そう見る研究者もいます。パトリシア・ライテンは、「ピカソがコラージュにおいてこうした新聞記事を使用したのは、芸術において無政府主義を問題にしようとしたからだ」と主張しました。このライテンの挑発的なテーゼにより、キュビスムのコラージュにおいてピカソが政治的意志を表明しようとしたのかについて激しい議論になりました。

ピエール・デクスは、1960年代に、こうしたコラージュについてピカソに尋ねたときのことを次のように語っています。デクスが、新聞記事を挿入したのは政治的意志の表明かどうか尋ねると、ピカソは「もちろんわざとやったのだよ。それは重要な出来事で、10万人も動員したからね。それは私が戦争に反対しているということを示す私なりのやり方だったのだ」と答えました。デクスが、当時このコラージュは公には展示されていなかったと指摘すると、ピカソは「人々が後になってそれを見つけ、理解するだろうと分かっていたからね」と答えました。

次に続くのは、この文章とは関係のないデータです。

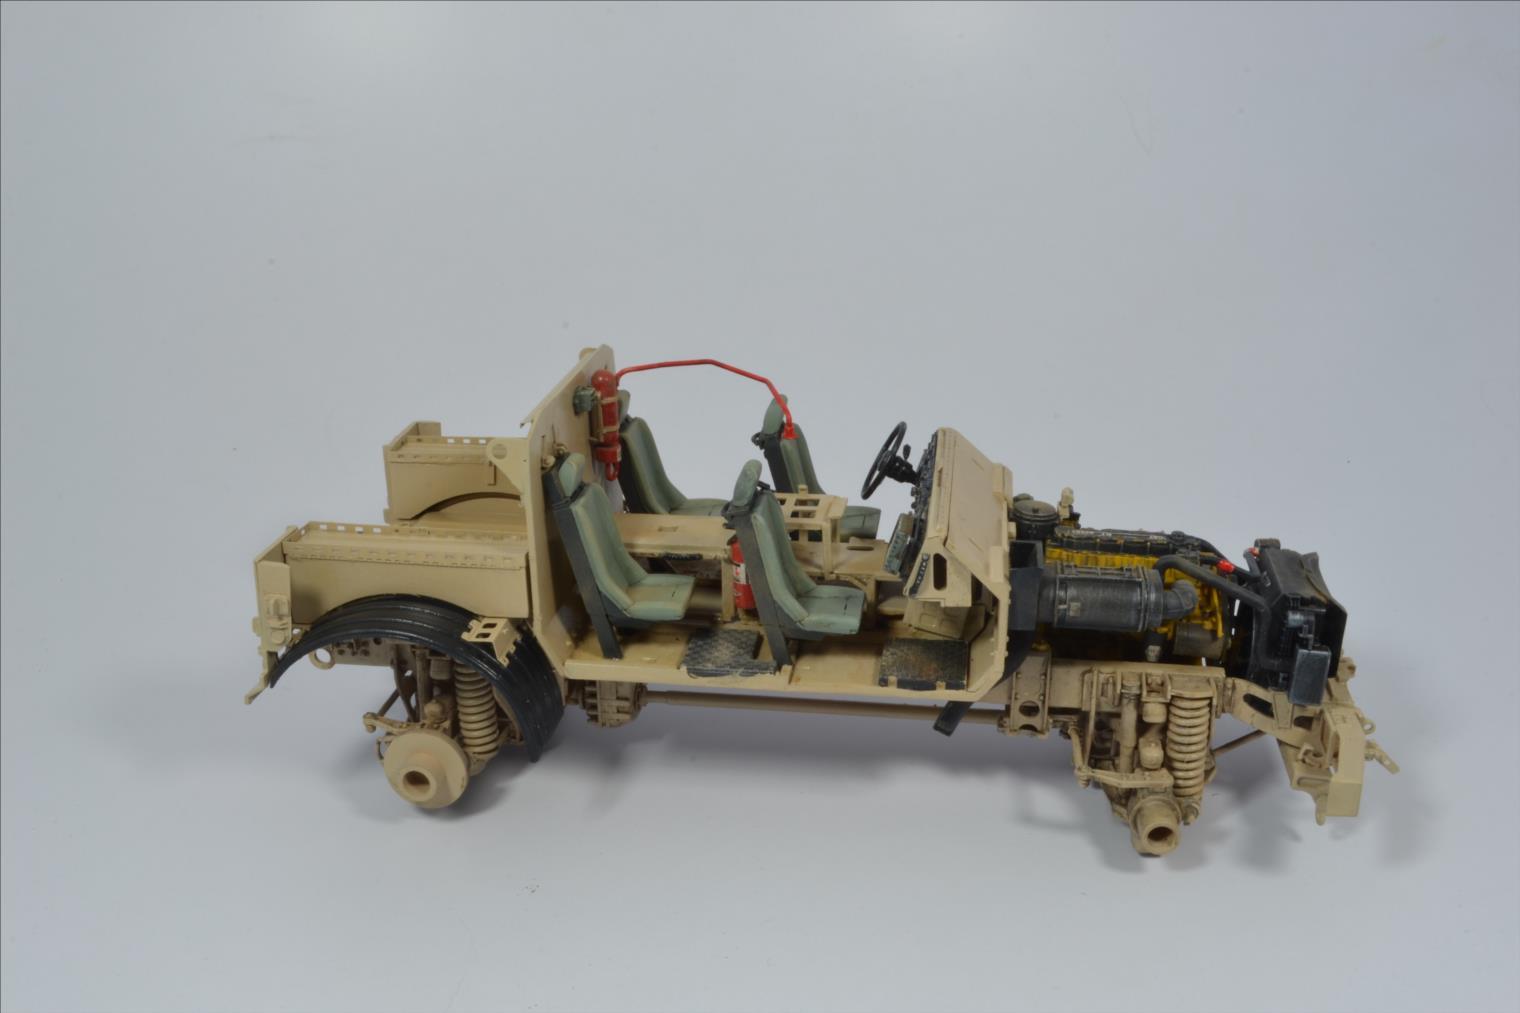 M 1240 A1 M-ATV 1/35 (RFM) - Page 2 20101407564522494217082151

この問答から分かることは、ピカソがコラージュの受容における二つの「時」を明確に区別していたということです。すなわち、制作当時の受容がきわめて限られていたのに対し、後世の美術史家には幅広い解釈の可能性が開かれていることを、ピカソは意識していたと言えます。

―第一次世界大戦という時代背景に、さまざまな芸術家の思惑が絡んでいったということでしょうか。

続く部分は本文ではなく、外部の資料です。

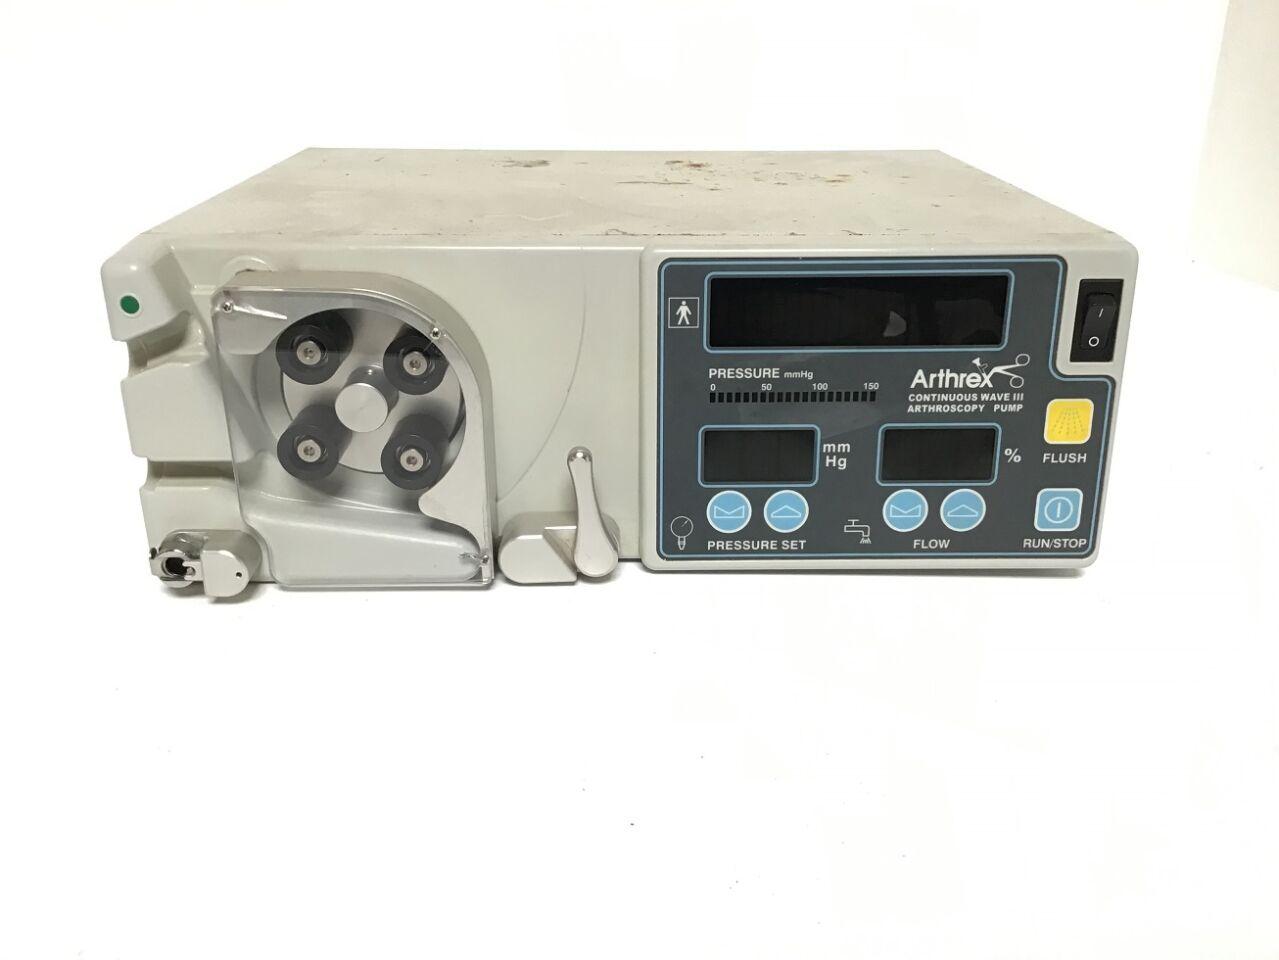 ARTHREX REF: AR-6475 Arthroscopy Pump

第一次世界大戦は、「秩序への回帰」を促す一方、既成の芸術の概念を否定するダダの運動を加速させました(マルセル・デュシャンのレディ=メイドは、すでに戦前の1913年から制作されています)。

ダダイストのアルプは、紙片を地に撒き散らして、「〈偶然の法則〉によって配置されたコラージュ」を制作しました。ここでは、芸術家によるコントロールへのアンチテーゼとして、偶然(シュルレアリスムの場合は無意識)を意識的に用いるという戦略的な方法が取られたわけです。

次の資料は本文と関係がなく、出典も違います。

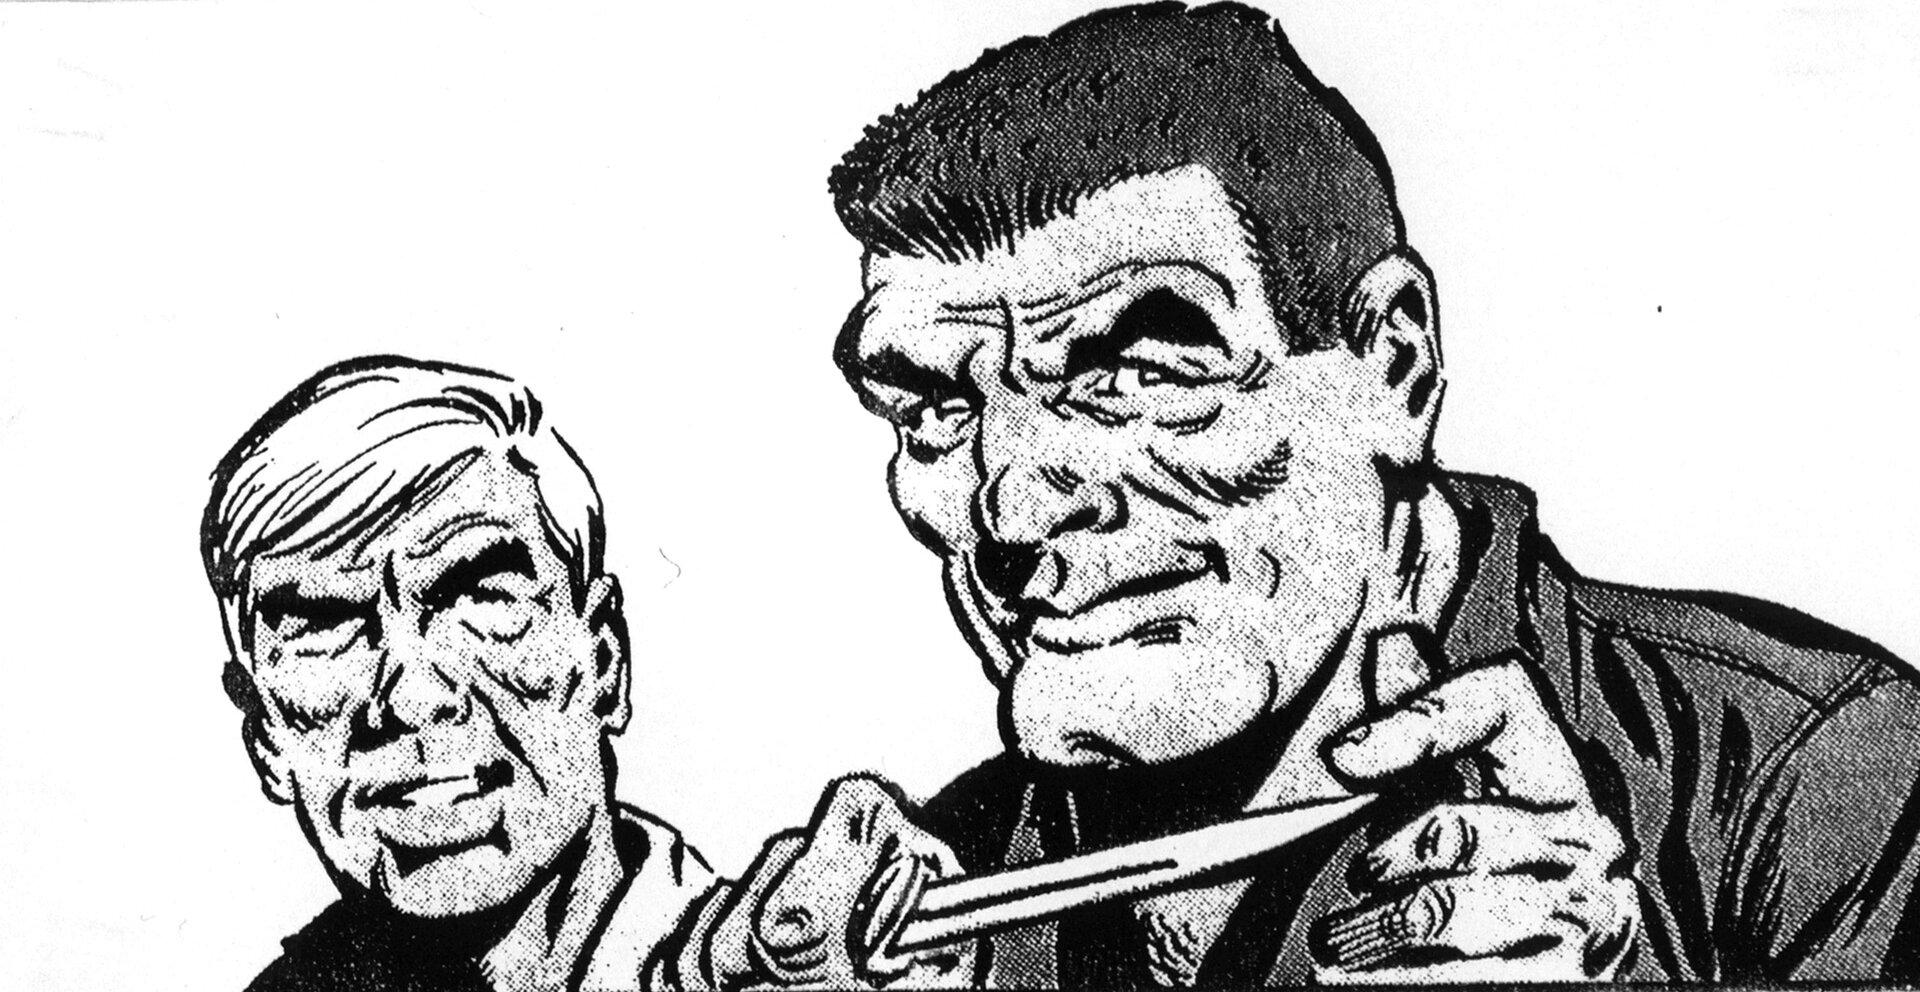 """Ilustracja przedstawia ilustrację zkomiksu Jerzego Wróblewskiego """"Skradziony Skarb"""". Na ilustracji widoczni są dwaj mężczyźni. Jeden zmężczyzn ma nóż zostrym zakończeniem."""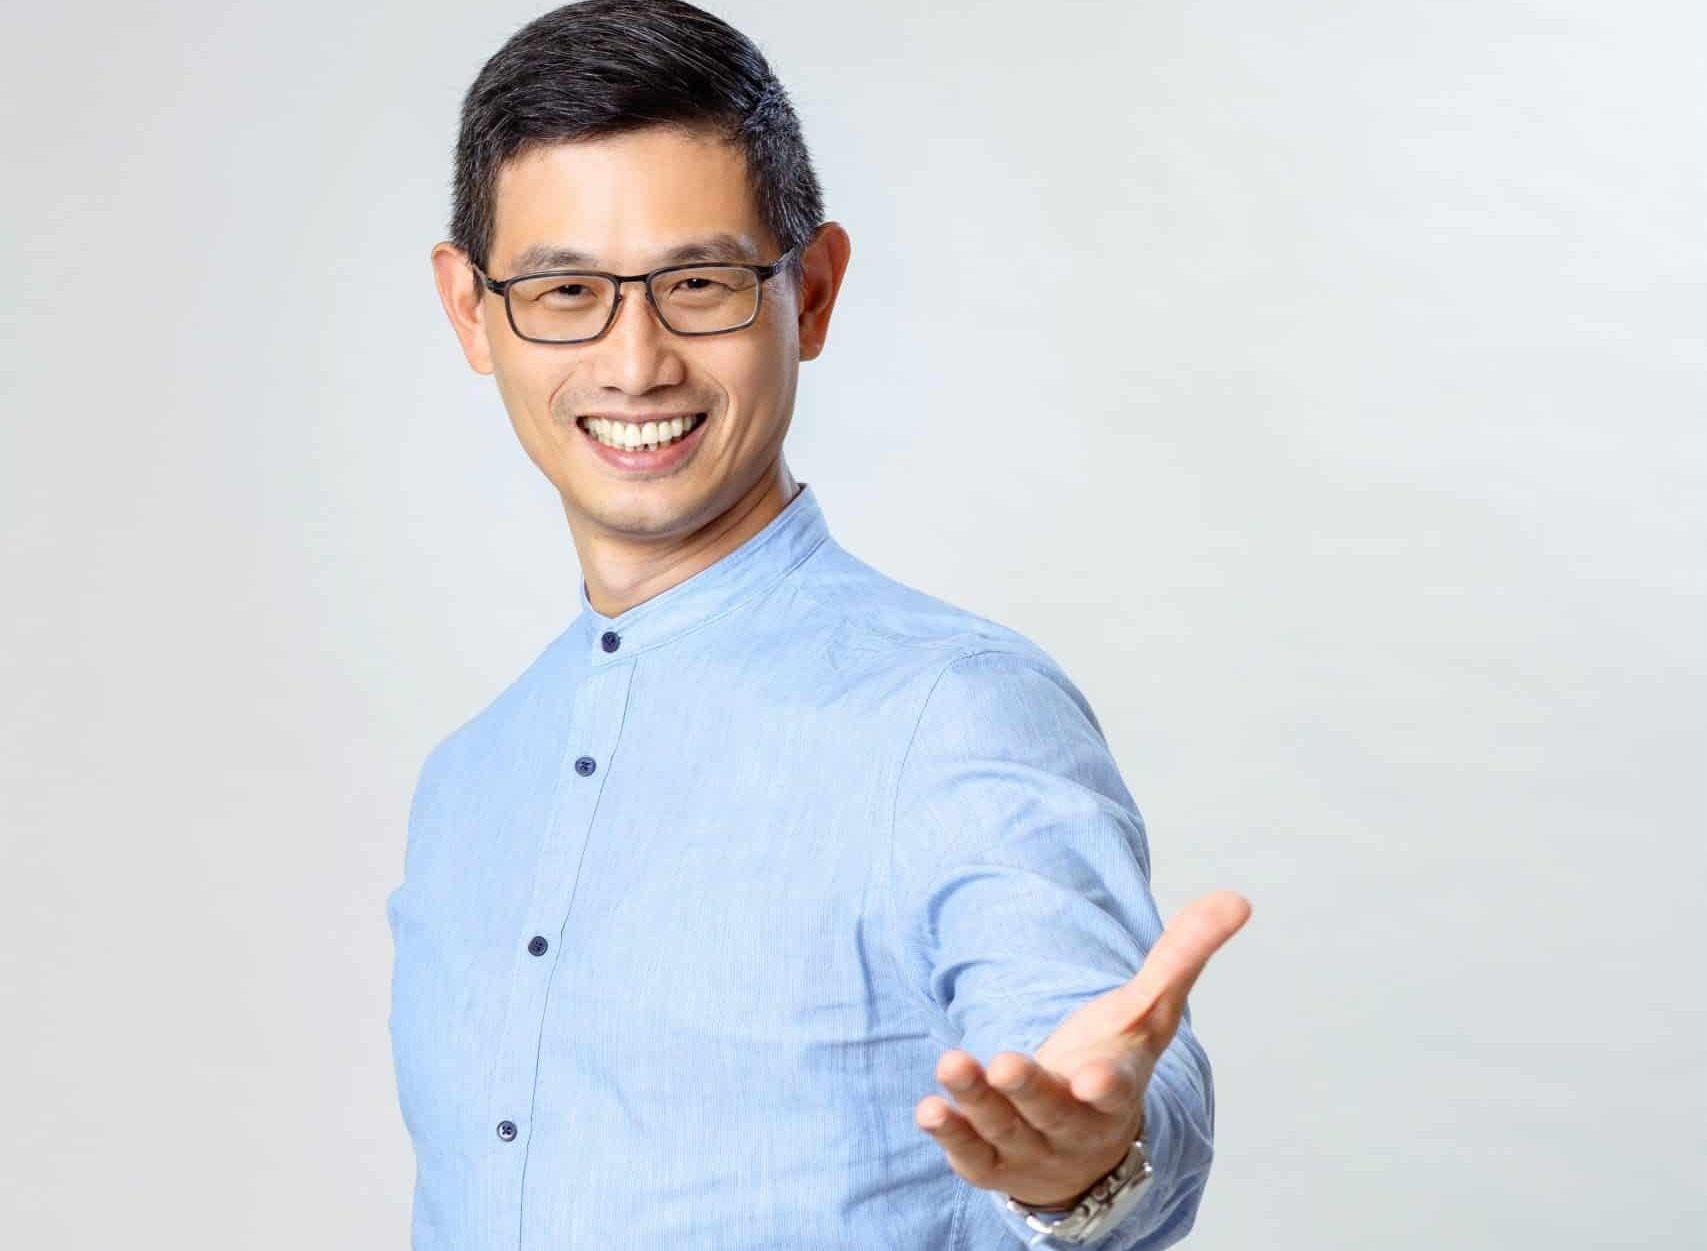 脊椎保健達人-身體智慧執行長-鄭雲龍-柏登牙醫看診分享推薦

第一次世界大戦は、機械・速度・ダイナミズムという未来派の美学を具現化した全体戦争であると同時に、世界の経験を断片化していくものでもありました。「断片化」による喪失を埋め合わせるべく、統一性と全体性を希求するという「綜合芸術作品」の理念が、この時代の芸術に重要となってきます。「綜合芸術作品」の理念自体は、19世紀半ばにヴァーグナーが提唱したものですが、それは未来派、ダダ、バウハウス、構成主義、シュヴィッタースの「メルツ綜合芸術作品」などに形を変えて受け継がれ、第一次世界大戦以降も多くの芸術家を魅了し続けたのです。

《本紙に写真掲載》



こうもと・まり 京都造形芸術大学比較藝術学研究センター准教授。専門は、コラージュを中心とした西洋近現代美術史。著書に『切断の時代ー20世紀におけるコラージュの美学と歴史』ブリュッケ、2007年(サントリー学芸賞、渋沢・クローデル賞ルイ・ヴィトン ジャパン特別賞受賞)がある。